Initially, IDC expects, the largest GenAI investments will go to infrastructure, including hardware, infrastructure as a service (IaaS), and system infrastructure software. Then, once the foundation has been laid, spending is expected to shift to AI services.

Top 10 IT trends

What will be top-of-mind for your customers next year and beyond? Researchers at Gartner recently made 10 predictions:

1. AI productivity will be a primary economic indicator of national power.

2. Generative AI tools will reduce modernization costs by 70%.

3. Enterprises will collectively spend over $30 billion fighting “malinformation.”

4. Nearly half of all CISOs will expand their responsibilities beyond cybersecurity, driven by regulatory pressure and expanding attack surfaces.

5. Unionization among knowledge workers will increase by 1,000%, motivated by fears of job loss due to the adoption of GenAI.

6. About one in three workers will leverage “digital charisma” to advance their careers.

7. One in four large corporations will actively recruit neurodivergent talent—including people with conditions such as autism and ADHD—to improve business performance.

8. Nearly a third of large companies will create dedicated business units or sales channels for machine customers.

9. Due to labor shortages, robots will soon outnumber human workers in three industries: manufacturing, retail and logistics.

10. Monthly electricity rationing will affect fully half the G20 nations. One result: Energy efficiency will become a serious competitive advantage.

Cybersecurity spending in Q2 rose nearly 12%

Heightened threat levels are leading to heightened cybersecurity spending.

In the second quarter of this year, global spending on cybersecurity products and services rose 11.6% year-on-year, reaching a total of $19 billion worldwide, according to Canalys.

A mere 12 vendors received nearly half that spending, Canalys says. They include Palo Alto Networks, Fortinet, Cisco and Microsoft.

One factor driving the spending is fear, the result of a 50% increase in the number of publicly reported ransomware attacks. Also, the number of breached data records more than doubled in the first 8 months of this year, Canalys says.

All this increased spending should be good for channel sellers. Canalys finds that nearly 92% of all cybersecurity spending worldwide goes through the IT channel.

CEOs lack cyber confidence

Here’s another reason why cybersecurity spending should be rising: Roughly three-quarters of CEOs (74%) say they’re concerned about their organizations’ ability to avert or minimize damage from a cyberattack.

That’s according to a new survey, conducted by Accenture, of 1,000 CEOs from large organizations worldwide.

Two findings from the Accenture survey really stand out:

  • Nearly two-thirds of CEOs (60%) say their organizations do not incorporate cybersecurity into their business strategies, products or services
  • Nearly half (44%) the CEOs believe cybersecurity can be handled with episodic interventions rather than with ongoing, continuous attention.

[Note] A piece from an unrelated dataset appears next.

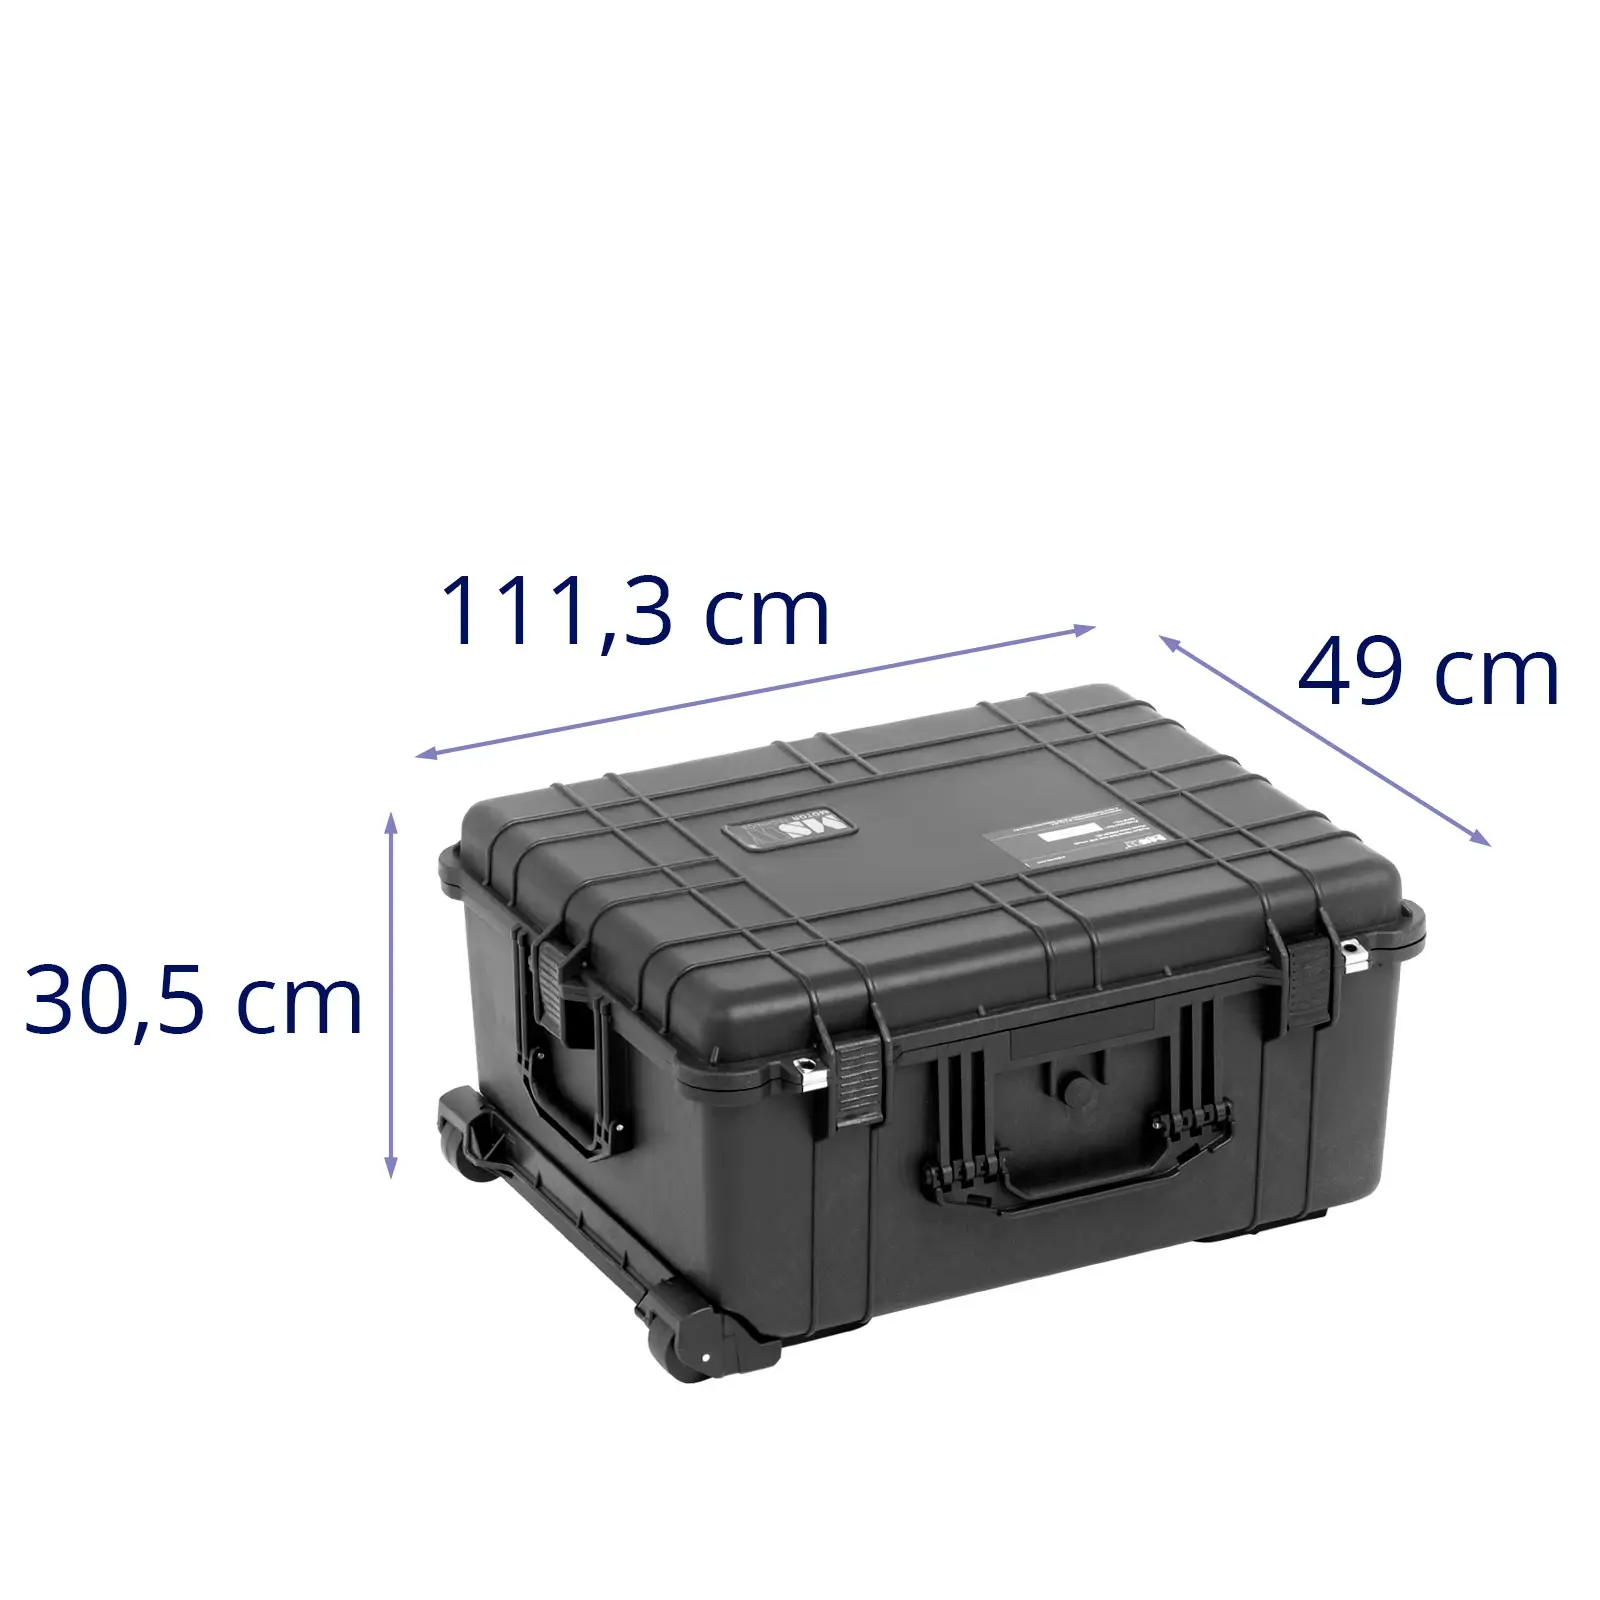 Caja de herramientas con ruedas - impermeable - 62,5 x 50 x 30,5 cm - asa telescópica

Despite those weaknesses, nearly all the surveyed CEOs (96%) say they believe cybersecurity is critical to their organizations’ growth and stability. Mind the gap!

How do Americans view data privacy?

Fully eight in 10 Americans (81%) are concerned about how companies use their personal data. And seven in 10 (71%) are concerned about how their personal data is used by the government.

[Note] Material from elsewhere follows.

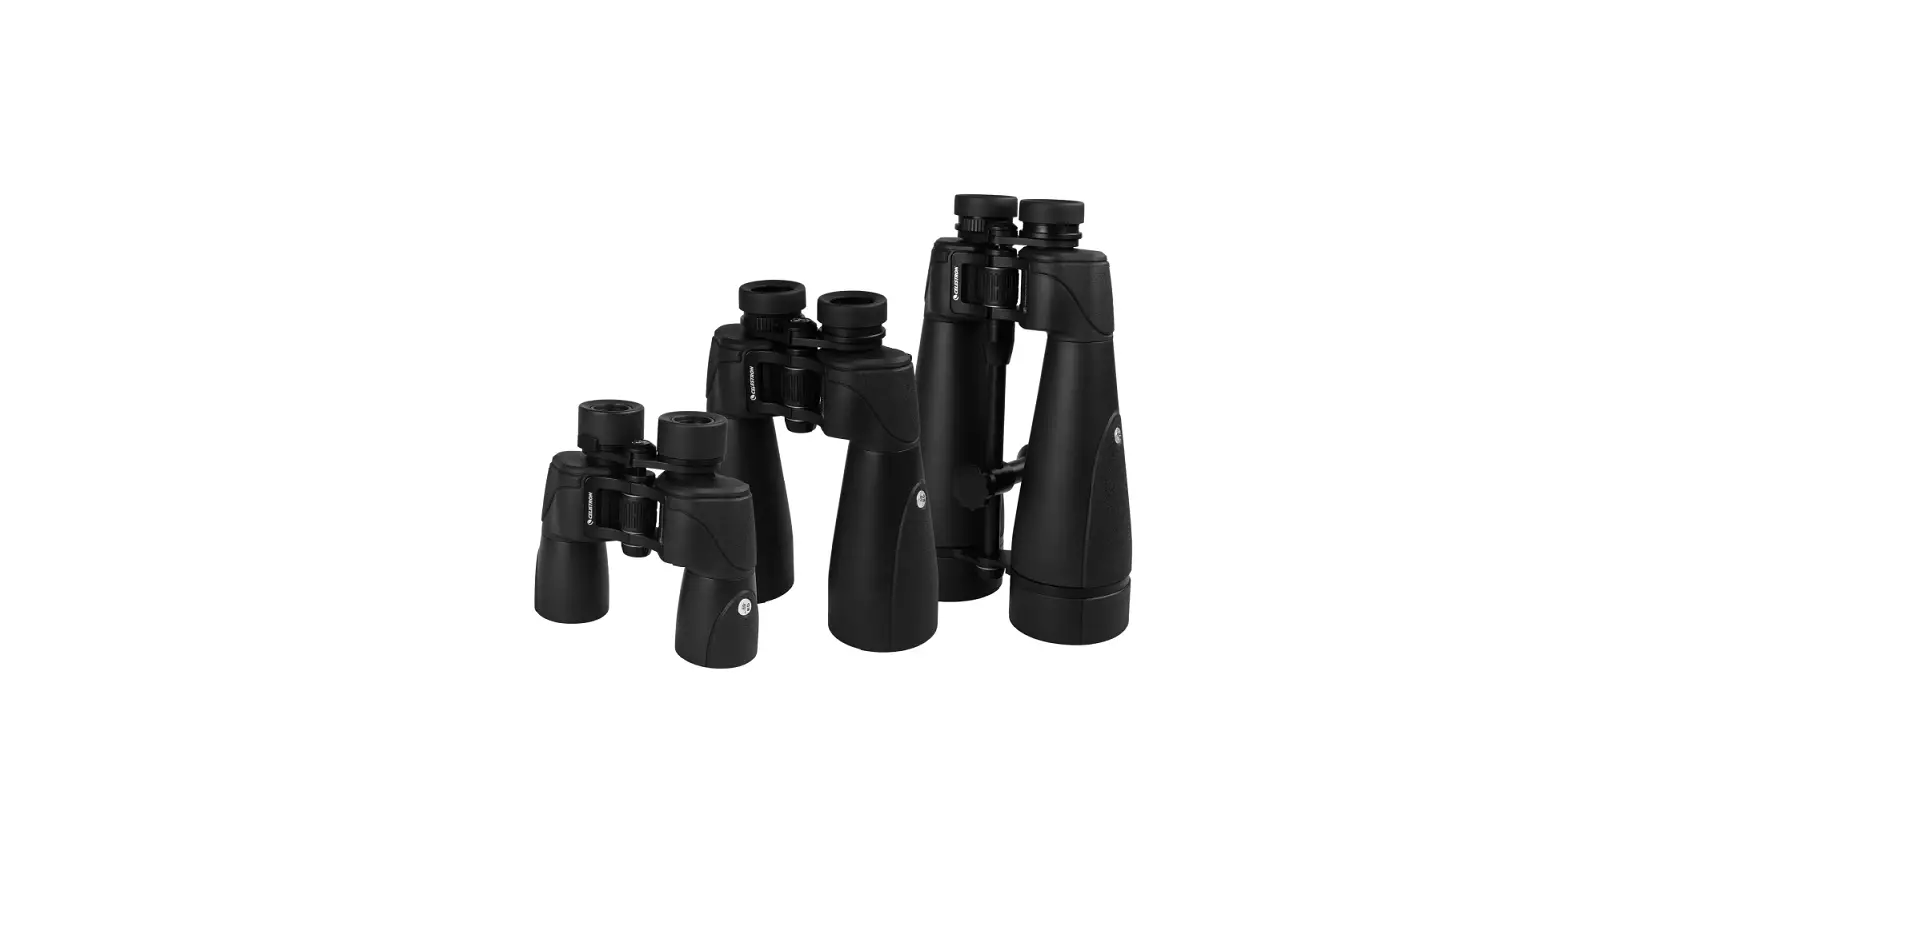 72033, 72034, 72035 SKYMASTER Pro Binoculars

So finds a new Pew Research Center survey of 5,100 U.S. adults. The study, conducted in May and published this month, sought to discover how Americans think about privacy and personal data.

Pew also found that Americans don’t understand how their personal data is used. In the survey, nearly eight in 10 respondents (77%) said they have little to no understanding of how the government uses their personal data. And two-thirds (67%) said the same thing about businesses, up from 59% a year ago.

Another key finding: Americans don’t trust social media CEOs. Over three-quarters of Pew’s respondents (77%) say they have very little or no trust that leaders of social-medica companies will publicly admit mistakes and take responsibility.

And about the same number (76%) believe social-media companies would sell their personal data without their consent.